(Items from a data source)
★ ★ ★ ★ ★

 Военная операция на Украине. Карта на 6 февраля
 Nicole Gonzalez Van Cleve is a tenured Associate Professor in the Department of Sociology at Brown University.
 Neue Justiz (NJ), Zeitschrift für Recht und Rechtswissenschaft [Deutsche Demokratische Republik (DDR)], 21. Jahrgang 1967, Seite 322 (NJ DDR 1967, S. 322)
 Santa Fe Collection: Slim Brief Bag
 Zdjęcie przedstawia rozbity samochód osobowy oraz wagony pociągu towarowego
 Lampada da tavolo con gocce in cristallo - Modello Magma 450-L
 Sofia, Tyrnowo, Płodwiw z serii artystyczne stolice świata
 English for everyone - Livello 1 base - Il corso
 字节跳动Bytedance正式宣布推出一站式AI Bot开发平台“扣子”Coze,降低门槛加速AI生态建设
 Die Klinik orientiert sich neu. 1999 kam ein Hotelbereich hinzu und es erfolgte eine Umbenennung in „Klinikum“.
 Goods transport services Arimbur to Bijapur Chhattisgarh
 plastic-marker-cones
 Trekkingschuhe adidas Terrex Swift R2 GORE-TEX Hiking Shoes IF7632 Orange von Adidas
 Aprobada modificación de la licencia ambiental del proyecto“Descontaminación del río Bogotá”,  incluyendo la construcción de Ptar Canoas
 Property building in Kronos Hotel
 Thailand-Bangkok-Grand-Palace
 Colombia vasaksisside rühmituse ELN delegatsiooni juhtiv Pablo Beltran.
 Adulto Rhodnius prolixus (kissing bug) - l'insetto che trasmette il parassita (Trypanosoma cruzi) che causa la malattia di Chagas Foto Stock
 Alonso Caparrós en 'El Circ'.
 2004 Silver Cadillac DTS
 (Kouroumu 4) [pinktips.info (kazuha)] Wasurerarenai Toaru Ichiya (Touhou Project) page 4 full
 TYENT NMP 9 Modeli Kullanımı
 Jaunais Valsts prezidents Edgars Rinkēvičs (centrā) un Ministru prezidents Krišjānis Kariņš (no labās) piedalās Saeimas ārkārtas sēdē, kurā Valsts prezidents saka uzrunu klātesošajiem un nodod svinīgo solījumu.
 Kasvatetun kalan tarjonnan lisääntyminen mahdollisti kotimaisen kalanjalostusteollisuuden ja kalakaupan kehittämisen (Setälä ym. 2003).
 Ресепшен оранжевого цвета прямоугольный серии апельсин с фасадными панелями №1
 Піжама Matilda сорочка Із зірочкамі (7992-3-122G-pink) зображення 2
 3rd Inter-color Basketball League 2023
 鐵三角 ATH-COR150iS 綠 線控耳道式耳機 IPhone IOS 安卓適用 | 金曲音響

★ ★ ★ ★ ★

- Work instructions -
With the line containing "Trekkingschuhe adidas Terrex" as the start and the last line of the entries as the end, print that whole span exactly.

- Reply to the exercise -
 Trekkingschuhe adidas Terrex Swift R2 GORE-TEX Hiking Shoes IF7632 Orange von Adidas
 Aprobada modificación de la licencia ambiental del proyecto“Descontaminación del río Bogotá”,  incluyendo la construcción de Ptar Canoas
 Property building in Kronos Hotel
 Thailand-Bangkok-Grand-Palace
 Colombia vasaksisside rühmituse ELN delegatsiooni juhtiv Pablo Beltran.
 Adulto Rhodnius prolixus (kissing bug) - l'insetto che trasmette il parassita (Trypanosoma cruzi) che causa la malattia di Chagas Foto Stock
 Alonso Caparrós en 'El Circ'.
 2004 Silver Cadillac DTS
 (Kouroumu 4) [pinktips.info (kazuha)] Wasurerarenai Toaru Ichiya (Touhou Project) page 4 full
 TYENT NMP 9 Modeli Kullanımı
 Jaunais Valsts prezidents Edgars Rinkēvičs (centrā) un Ministru prezidents Krišjānis Kariņš (no labās) piedalās Saeimas ārkārtas sēdē, kurā Valsts prezidents saka uzrunu klātesošajiem un nodod svinīgo solījumu.
 Kasvatetun kalan tarjonnan lisääntyminen mahdollisti kotimaisen kalanjalostusteollisuuden ja kalakaupan kehittämisen (Setälä ym. 2003).
 Ресепшен оранжевого цвета прямоугольный серии апельсин с фасадными панелями №1
 Піжама Matilda сорочка Із зірочкамі (7992-3-122G-pink) зображення 2
 3rd Inter-color Basketball League 2023
 鐵三角 ATH-COR150iS 綠 線控耳道式耳機 IPhone IOS 安卓適用 | 金曲音響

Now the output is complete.